BEGIN RECORDS SHOWN

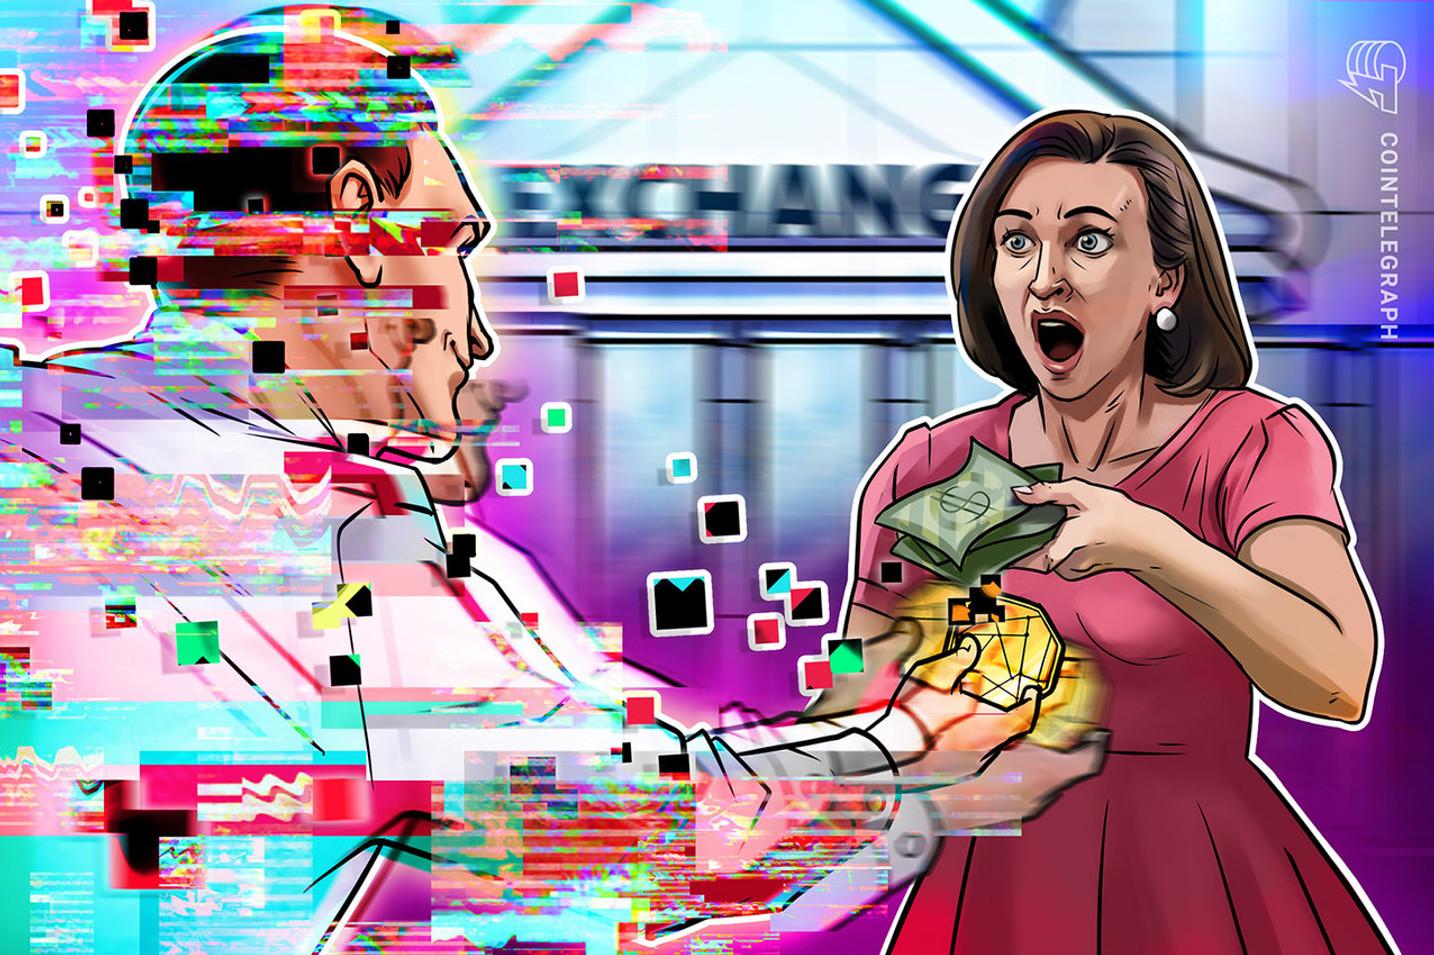 Chainalysis, o novo unicórnio cripto criticado por se envolver em 'corrida armamentista contra a privacidade'
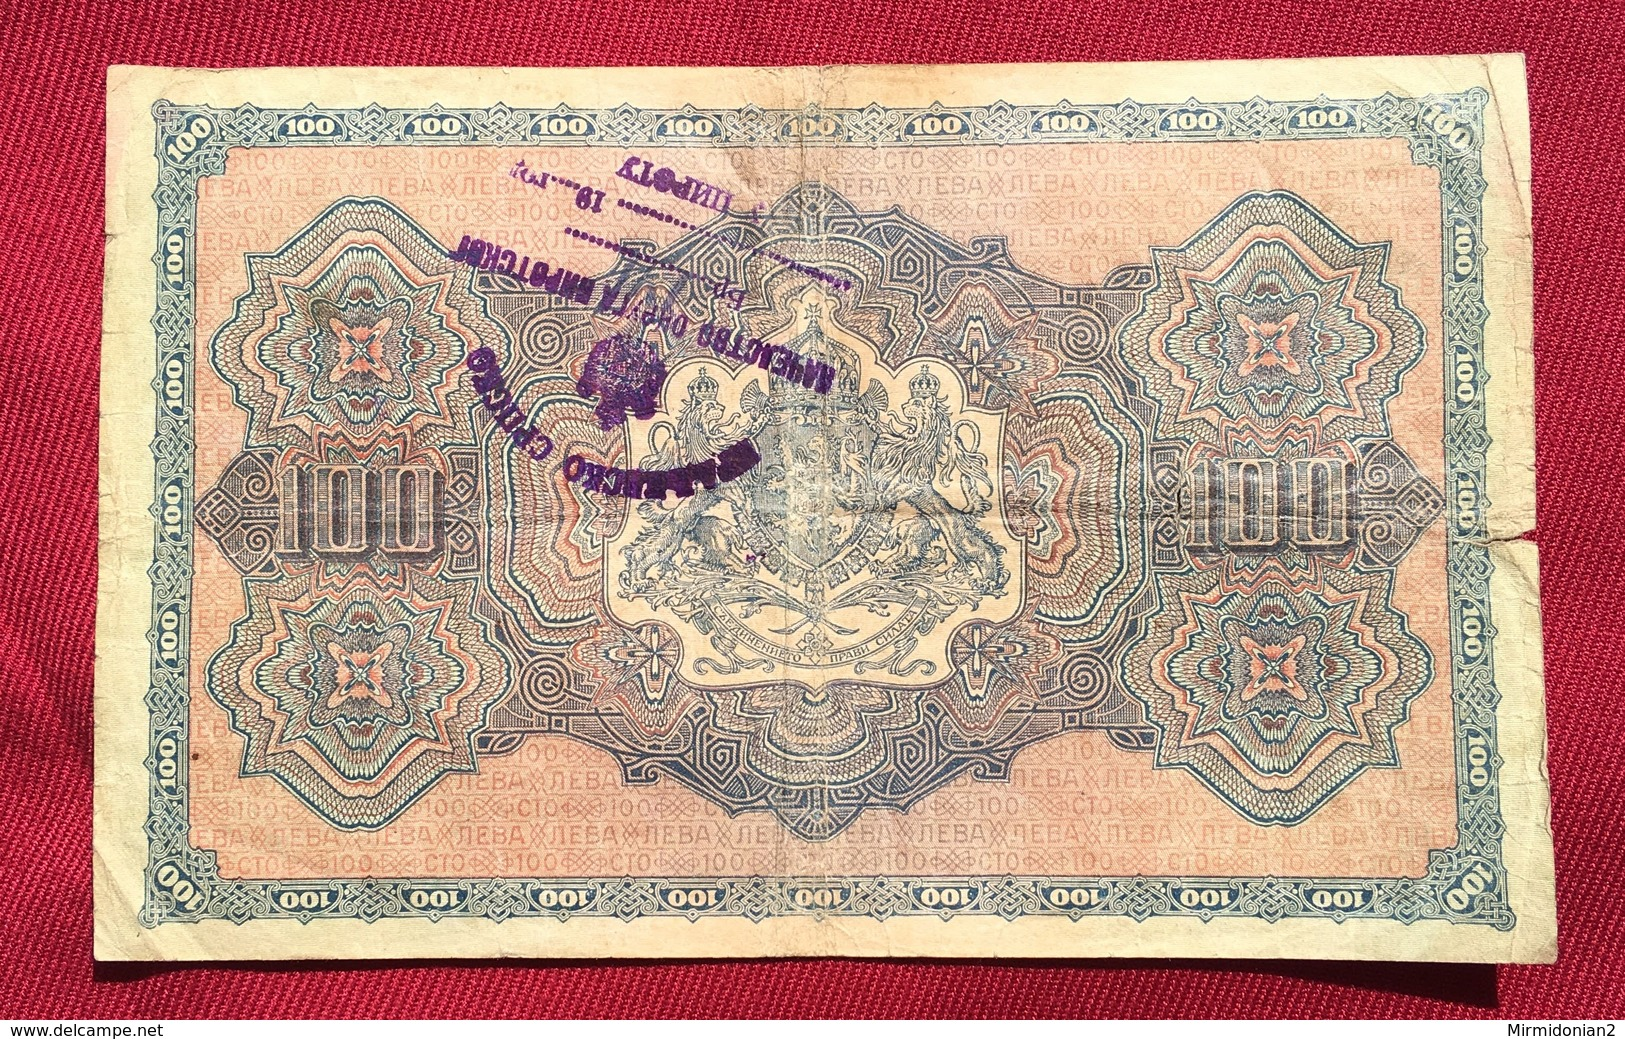 SERBIA - BULGARIA 100 LEVA SREBRO,ND 1918. WITH SERBIAN SEAL PIROT, VERY RARE, GOOD QUALITY (NACELSTVO OKRUGA PIROTSKOG) - Bulgaria
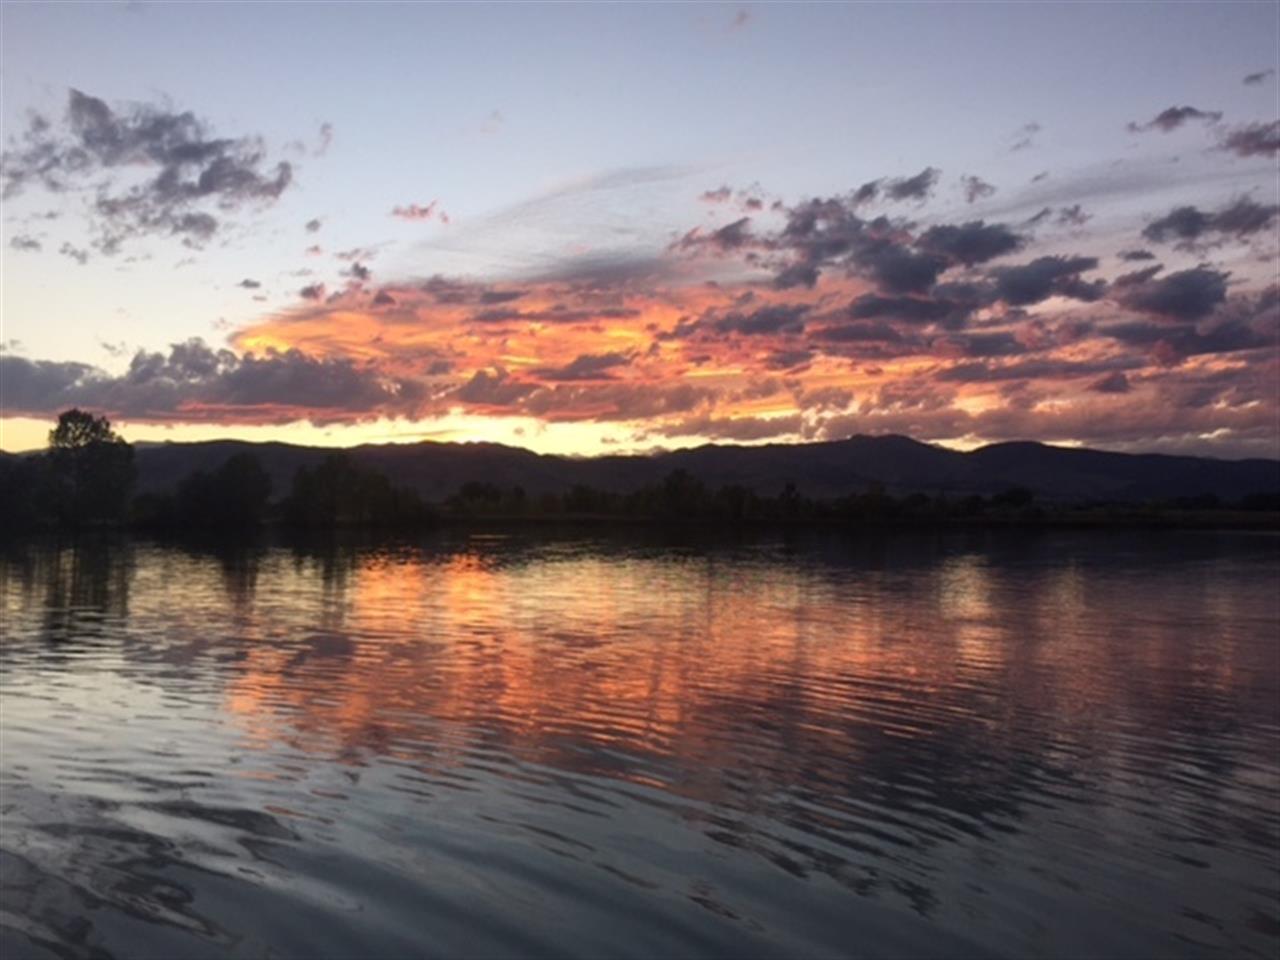 Sunset on Coot Lake - Boulder CO 9/17/15
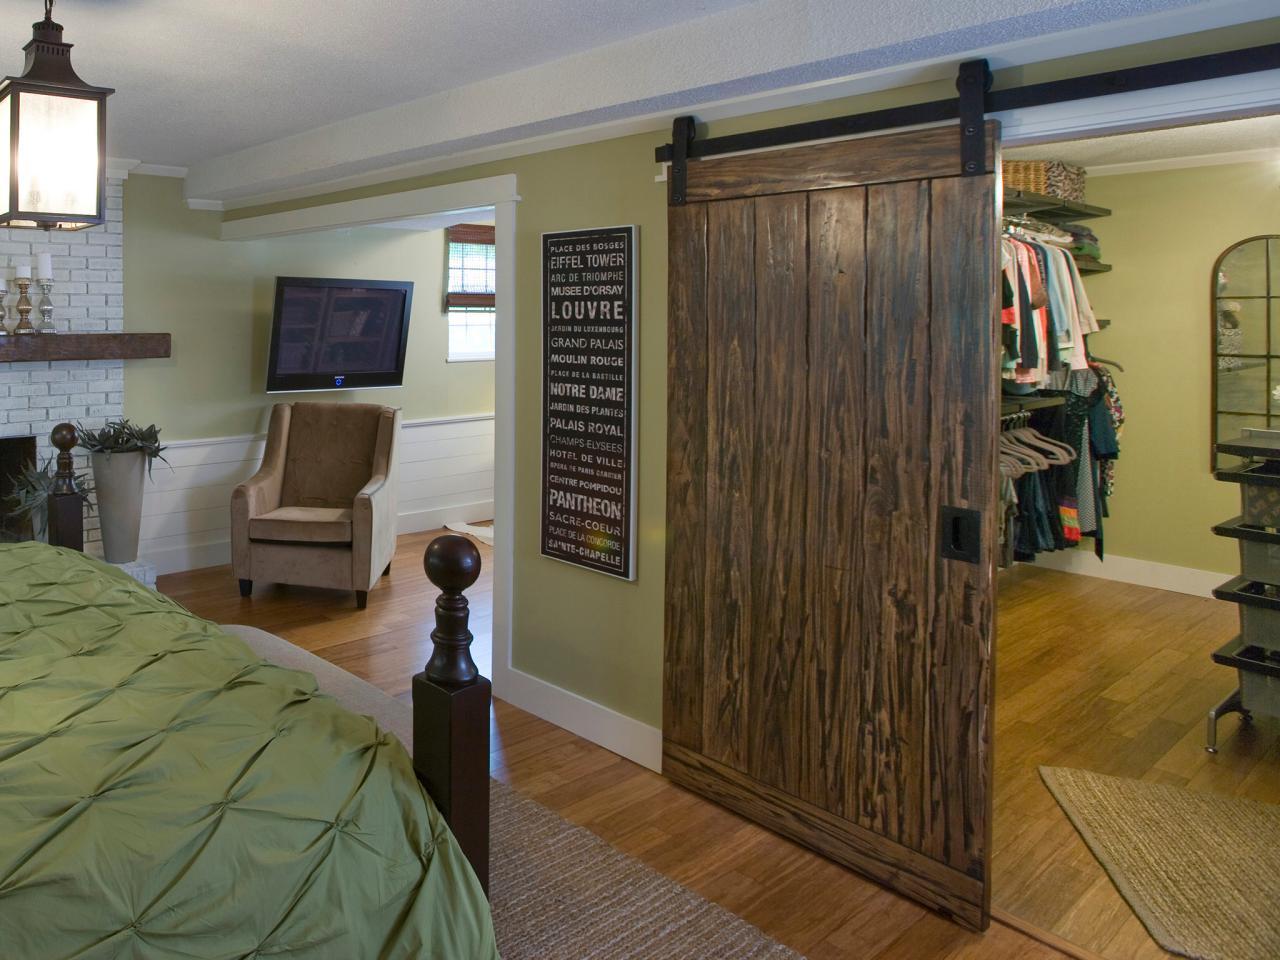 Closet Curtain Designs and Ideas | HGTV
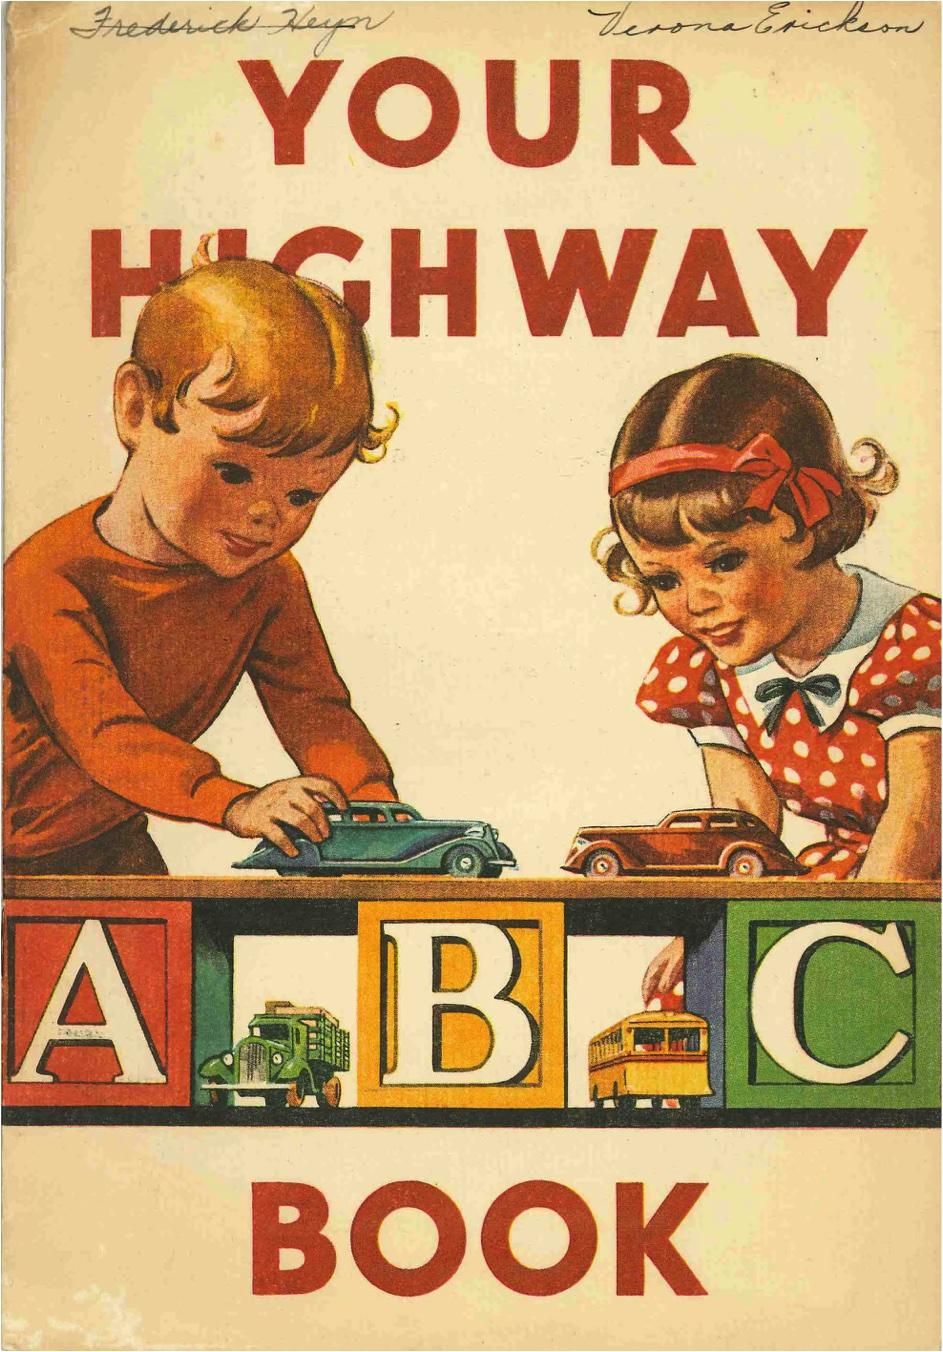 Highway-abcs copy.jpg
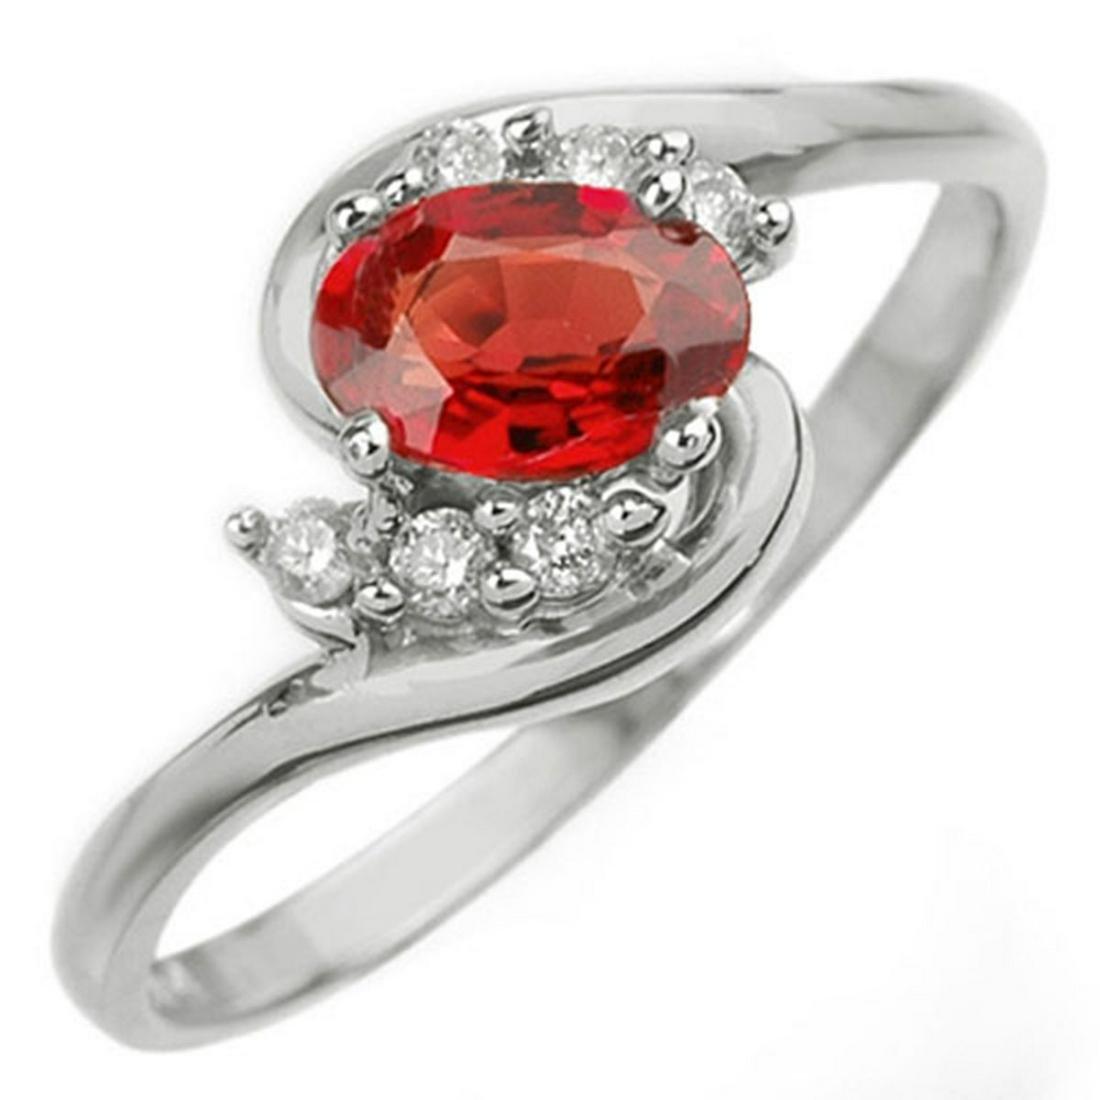 0.70 ctw Red Sapphire & Diamond Ring 18K White Gold

END RECORDS SHOWN

**ACTIVITY**.
Leaving the pictures out, print every line of the listing exactly.

**OUTPUT**.
 Chainalysis, o novo unicórnio cripto criticado por se envolver em 'corrida armamentista contra a privacidade'
 SERBIA - BULGARIA 100 LEVA SREBRO,ND 1918. WITH SERBIAN SEAL PIROT, VERY RARE, GOOD QUALITY (NACELSTVO OKRUGA PIROTSKOG) - Bulgaria
 Sunset on Coot Lake - Boulder CO 9/17/15
 Closet Curtain Designs and Ideas | HGTV
 Highway-abcs copy.jpg
 0.70 ctw Red Sapphire & Diamond Ring 18K White Gold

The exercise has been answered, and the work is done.